***** Data section

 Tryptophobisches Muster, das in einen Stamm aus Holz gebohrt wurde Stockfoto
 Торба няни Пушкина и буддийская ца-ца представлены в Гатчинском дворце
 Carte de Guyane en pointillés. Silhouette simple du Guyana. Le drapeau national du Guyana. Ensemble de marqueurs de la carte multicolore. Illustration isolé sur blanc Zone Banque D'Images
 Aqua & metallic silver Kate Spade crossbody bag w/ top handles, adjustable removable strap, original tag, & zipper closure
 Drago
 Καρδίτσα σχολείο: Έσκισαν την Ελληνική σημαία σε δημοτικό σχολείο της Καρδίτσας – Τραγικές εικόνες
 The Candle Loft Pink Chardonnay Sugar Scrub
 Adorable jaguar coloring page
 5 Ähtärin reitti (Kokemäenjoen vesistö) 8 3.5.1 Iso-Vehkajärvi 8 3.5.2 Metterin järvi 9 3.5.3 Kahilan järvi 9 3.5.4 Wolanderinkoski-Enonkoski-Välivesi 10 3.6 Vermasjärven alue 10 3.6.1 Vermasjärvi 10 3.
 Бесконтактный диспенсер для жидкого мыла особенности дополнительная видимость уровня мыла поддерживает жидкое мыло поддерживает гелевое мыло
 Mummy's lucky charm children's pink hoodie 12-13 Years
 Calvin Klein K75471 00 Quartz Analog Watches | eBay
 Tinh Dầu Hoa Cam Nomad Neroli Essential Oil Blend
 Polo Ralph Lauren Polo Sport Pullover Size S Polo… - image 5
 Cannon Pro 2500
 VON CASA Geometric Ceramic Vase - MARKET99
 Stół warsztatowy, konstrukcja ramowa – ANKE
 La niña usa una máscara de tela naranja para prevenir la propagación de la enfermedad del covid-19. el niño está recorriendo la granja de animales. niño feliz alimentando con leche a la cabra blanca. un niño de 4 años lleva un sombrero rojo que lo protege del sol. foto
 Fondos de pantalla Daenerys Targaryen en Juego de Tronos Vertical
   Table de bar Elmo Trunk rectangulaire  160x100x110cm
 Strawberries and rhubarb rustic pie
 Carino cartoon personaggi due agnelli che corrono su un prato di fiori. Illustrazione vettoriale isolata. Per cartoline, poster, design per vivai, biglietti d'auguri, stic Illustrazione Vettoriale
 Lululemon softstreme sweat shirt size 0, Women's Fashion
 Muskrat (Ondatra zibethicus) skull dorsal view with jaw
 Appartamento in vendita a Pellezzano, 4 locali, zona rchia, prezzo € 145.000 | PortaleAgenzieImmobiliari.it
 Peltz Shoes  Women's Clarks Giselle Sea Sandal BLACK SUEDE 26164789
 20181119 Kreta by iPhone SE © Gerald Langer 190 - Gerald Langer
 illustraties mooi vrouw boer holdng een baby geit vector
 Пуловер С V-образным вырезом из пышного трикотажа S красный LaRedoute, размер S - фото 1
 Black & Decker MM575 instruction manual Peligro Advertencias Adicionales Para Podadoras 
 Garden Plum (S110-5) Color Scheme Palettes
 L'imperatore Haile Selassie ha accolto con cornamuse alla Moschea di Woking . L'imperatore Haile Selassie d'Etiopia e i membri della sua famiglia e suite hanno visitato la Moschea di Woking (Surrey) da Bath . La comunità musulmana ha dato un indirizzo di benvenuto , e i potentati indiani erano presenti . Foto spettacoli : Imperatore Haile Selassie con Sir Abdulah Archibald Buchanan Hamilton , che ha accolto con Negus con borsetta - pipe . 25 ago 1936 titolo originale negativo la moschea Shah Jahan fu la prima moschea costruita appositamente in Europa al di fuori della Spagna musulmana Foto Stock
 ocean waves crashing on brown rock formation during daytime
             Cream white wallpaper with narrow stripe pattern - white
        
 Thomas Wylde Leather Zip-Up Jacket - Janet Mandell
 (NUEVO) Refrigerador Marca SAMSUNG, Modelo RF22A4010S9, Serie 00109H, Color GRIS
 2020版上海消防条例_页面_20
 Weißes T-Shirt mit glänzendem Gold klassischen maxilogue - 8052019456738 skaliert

**********

*To do*:
Your task is to collect every line above that contains the word "with".

*Written answer*:
 Muskrat (Ondatra zibethicus) skull dorsal view with jaw
             Cream white wallpaper with narrow stripe pattern - white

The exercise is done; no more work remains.